◆ **WHAT TO PRODUCE**
Each line below should be repeated exactly, but no picture should be carried over.

◆ **DATA BELOW**
──────────
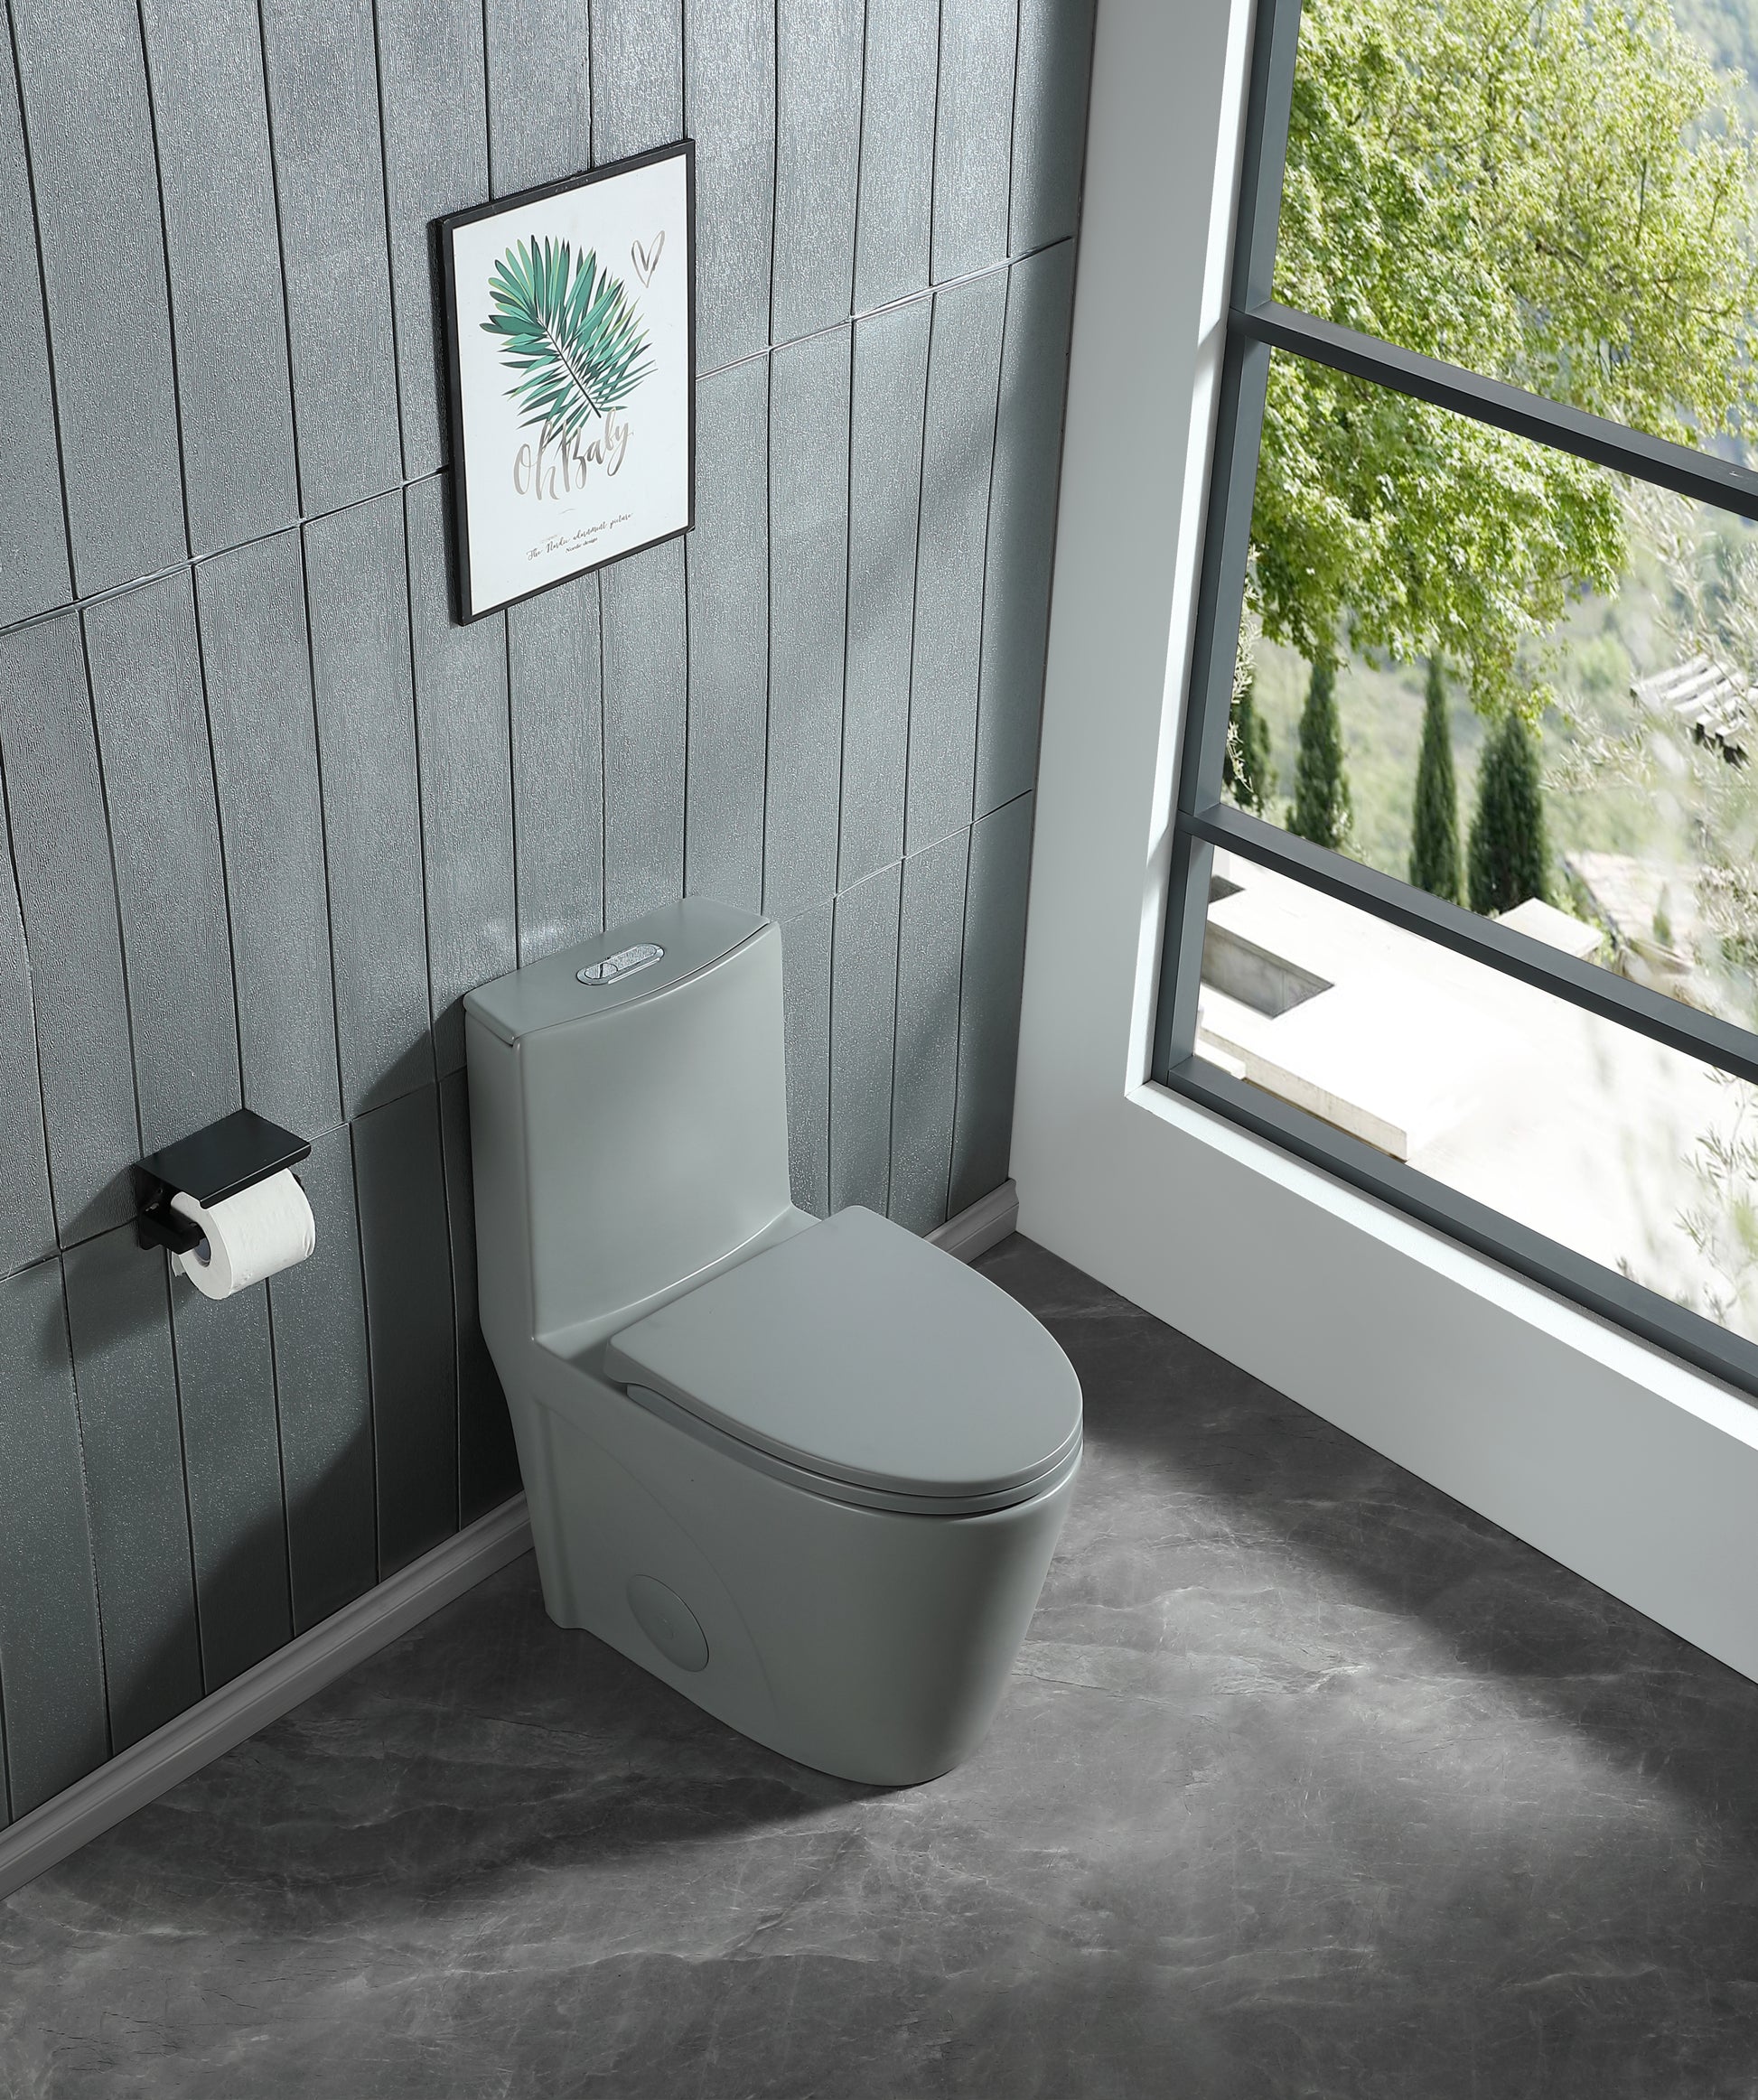 black toilet seat cover 23T01 LGP01 light gray-acrylic
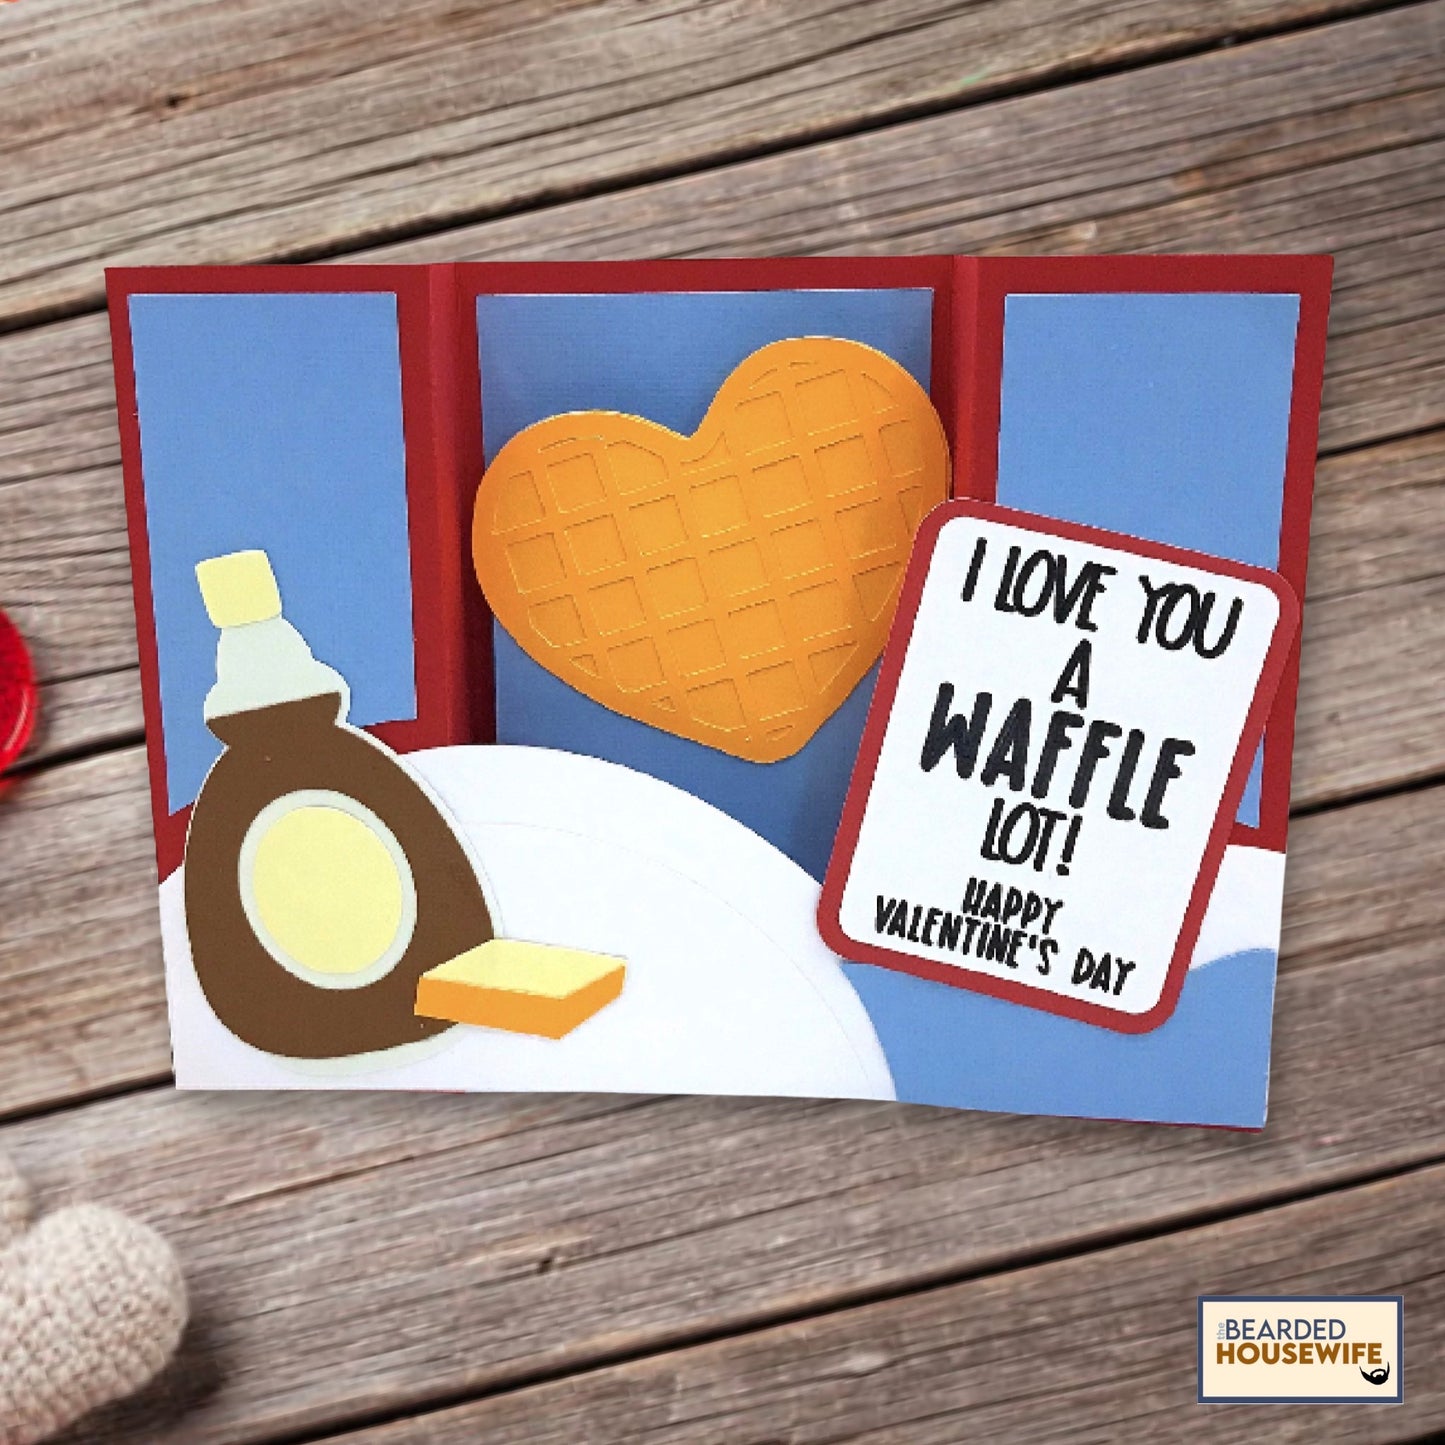 Waffle Lot Valentine Bridge Card
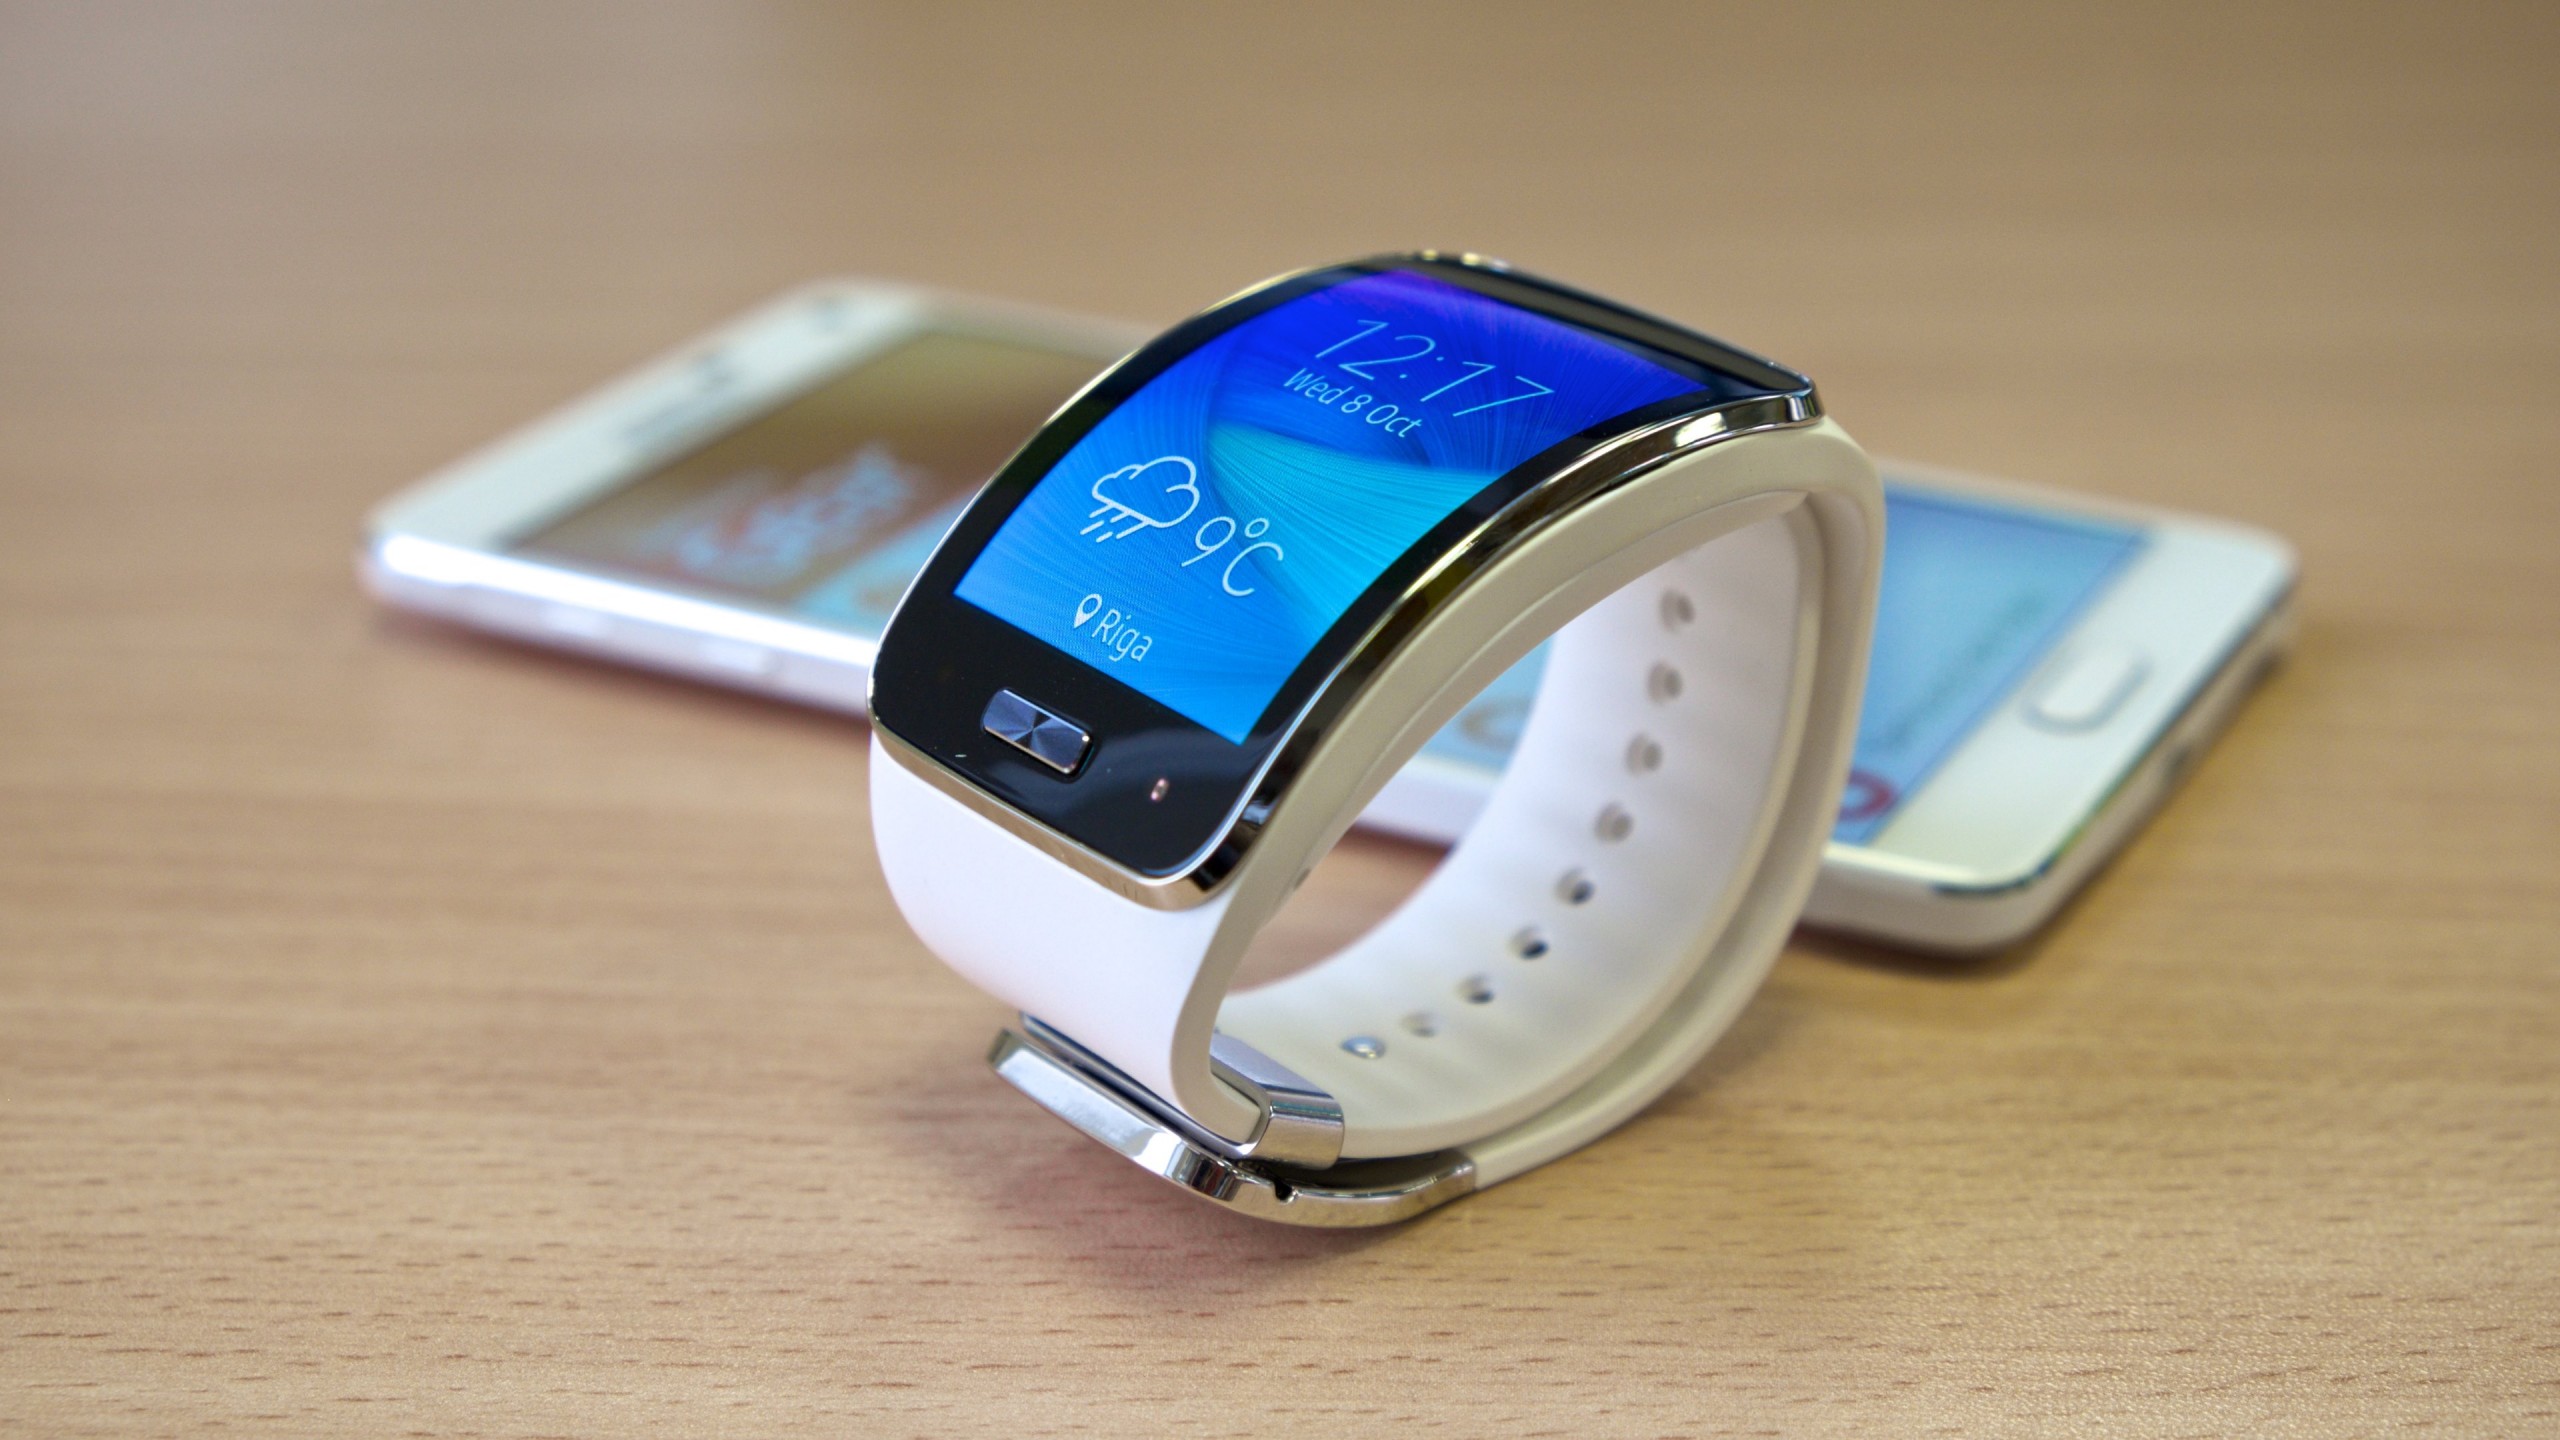 fondo de pantalla de smartwatch,artilugio,reloj,teléfono móvil,ver teléfono,dispositivo de comunicaciones portátil
──────────
◆ **RESULT OF THE TASK**
 black toilet seat cover 23T01 LGP01 light gray-acrylic
 Waffle Lot Valentine Bridge Card
 fondo de pantalla de smartwatch,artilugio,reloj,teléfono móvil,ver teléfono,dispositivo de comunicaciones portátil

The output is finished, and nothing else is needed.